The European Commission on Wednesday issued an action plan to cheapen energy for households and businesses and in the process accelerate the transition to a net-zero European Union economy by 2050.
The plan would cut the 27-member bloc’s fossil fuel import bill by EUR 130 billion ($136.06 billion) a year from 2030. Savings are expected to rise to EUR 260 billion per annum by 2040, according to the official text published on the Commission’s website.
To curb fossil fuel use and in turn import reliance, the plan supports displacing fossil fuels from the electricity mix with clean sources; expanding electrification; increasing grid capacity, modernizing grid infrastructure and strengthening system flexibility; and boosting energy efficiency.
“With a substantial share (28.9 percent) of the EU’s average electricity generation mix still based on fossil fuels, and transport largely fueled by oil products, fossil-fuel import costs have a significant impact on consumers’ energy bills”, the Commission said.
In 2022, the EU’s fossil fuel import bill hit a record-high EUR 604 billion. That was just a year after the figure fell to a historic low of EUR 163 billion in 2020, according to Commission data.
“While demand for natural gas declined by 18 percent between August 2022 and May 2024, the EU remains exposed to global fossil-fuel price fluctuations, with 90 percent of its natural gas demand covered by imports”, the Commission explained.
“The consequences of excessive supply dependence were evident during the recent energy crisis”, it added, accusing Russia of weaponizing gas exports.
The Commission said in the coming weeks it would put forward measures to strengthen the enforcement of REPowerEU, a strategy passed February 2023 to achieve independence from Russian fossil fuels by 2027.
The action plan announced Wednesday also addresses – besides import reliance – power market integration and system costs.
“Europe has the most integrated grid globally, but more needs to be achieved as regards interconnections, grid infrastructure, energy system integration and system flexibility to boost the integration of cheaper and cleaner energy sources”, the Commission said.
“Current estimates are that by 2030, around half of the EU’s cross-border electricity new capacity needs will not be addressed, holding back the complete integration of our energy market”, it added.
To achieve full integration, the action plan supports bridging the investment gap and mobilizing private capital, as well as simplifying regulations.
To mitigate systems costs, the plan supports lowering taxes and removing non-energy cost components from bills. It also wants to empower consumers to easily switch to a more affordable supplier, as well as to improve access to more efficient appliances. On the energy supply side, the plan hopes to reduce permitting times for clean energy projects. And while the plan wants to decouple retail energy prices from costly and volatile natural gas, it aims to ensure fair competition in the gas market and leverage EU purchasing power to get better gas supply deals while gas remains in the energy mix.

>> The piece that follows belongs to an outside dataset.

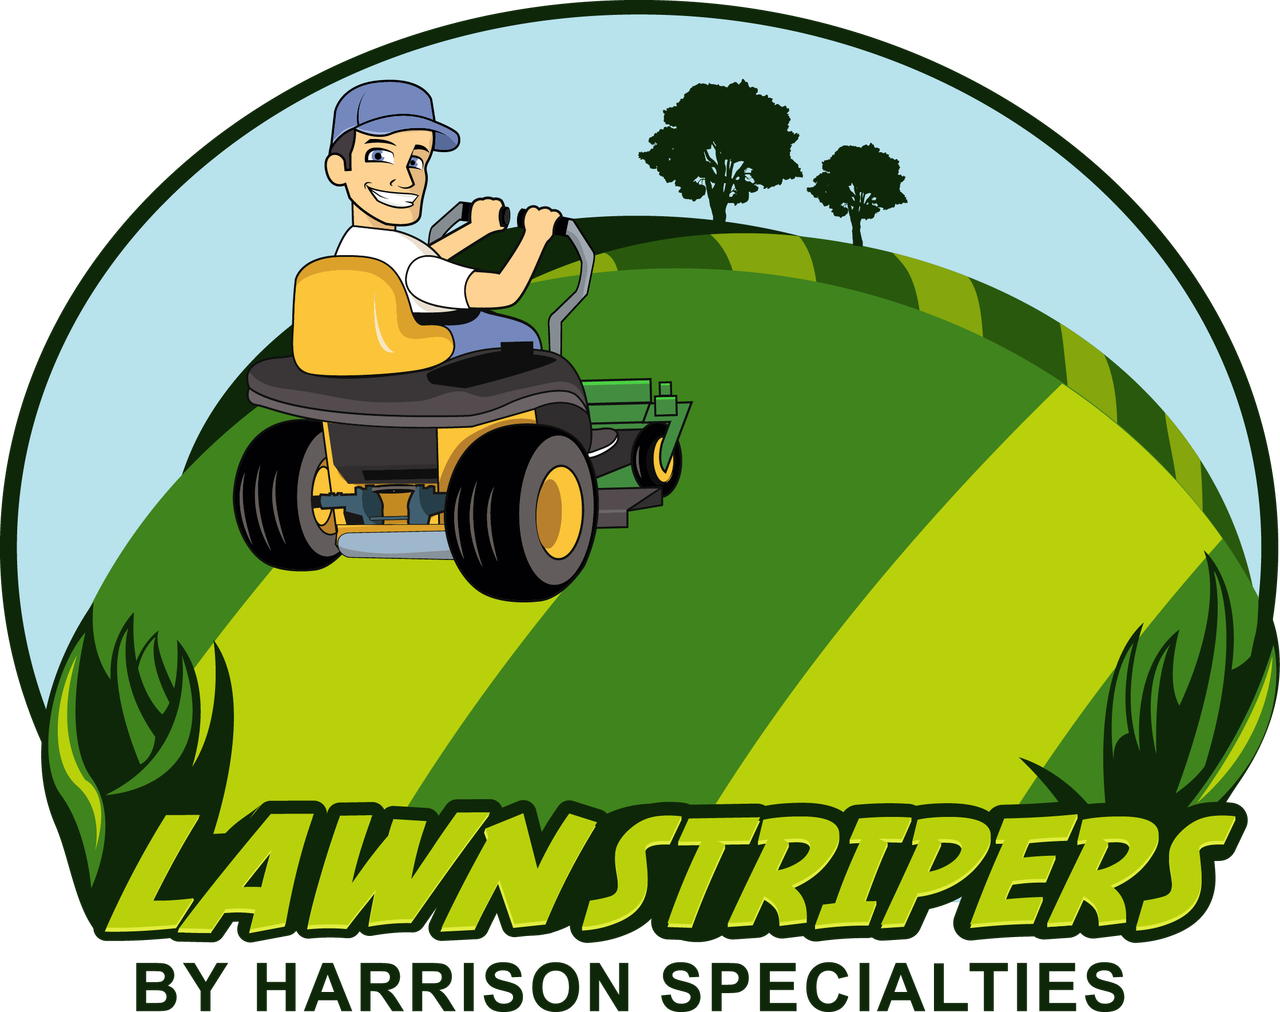 Toro Lawn Striper System Toro Zero Turn Lawn Mower

“We have already significantly reduced energy prices in Europe by doubling down on renewables”, Commission President Ursula von der Leyen said in a statement. “Now, we are going a step further with the Affordable Energy Action Plan as part of our Clean Industrial Deal.
“With it, we will achieve more predictable prices, stronger connections across Europe, and increased energy offtake. We will systematically remove remaining obstacles so that we can build a true Energy Union”.
The Clean Industrial Deal announced Tuesday presents a plan to – besides lowering energy costs – raise demand for cleaner products, grow investment in the clean transition, improve EU companies’ access to raw materials while promoting circularity, form trade partnerships and build the relevant workforce.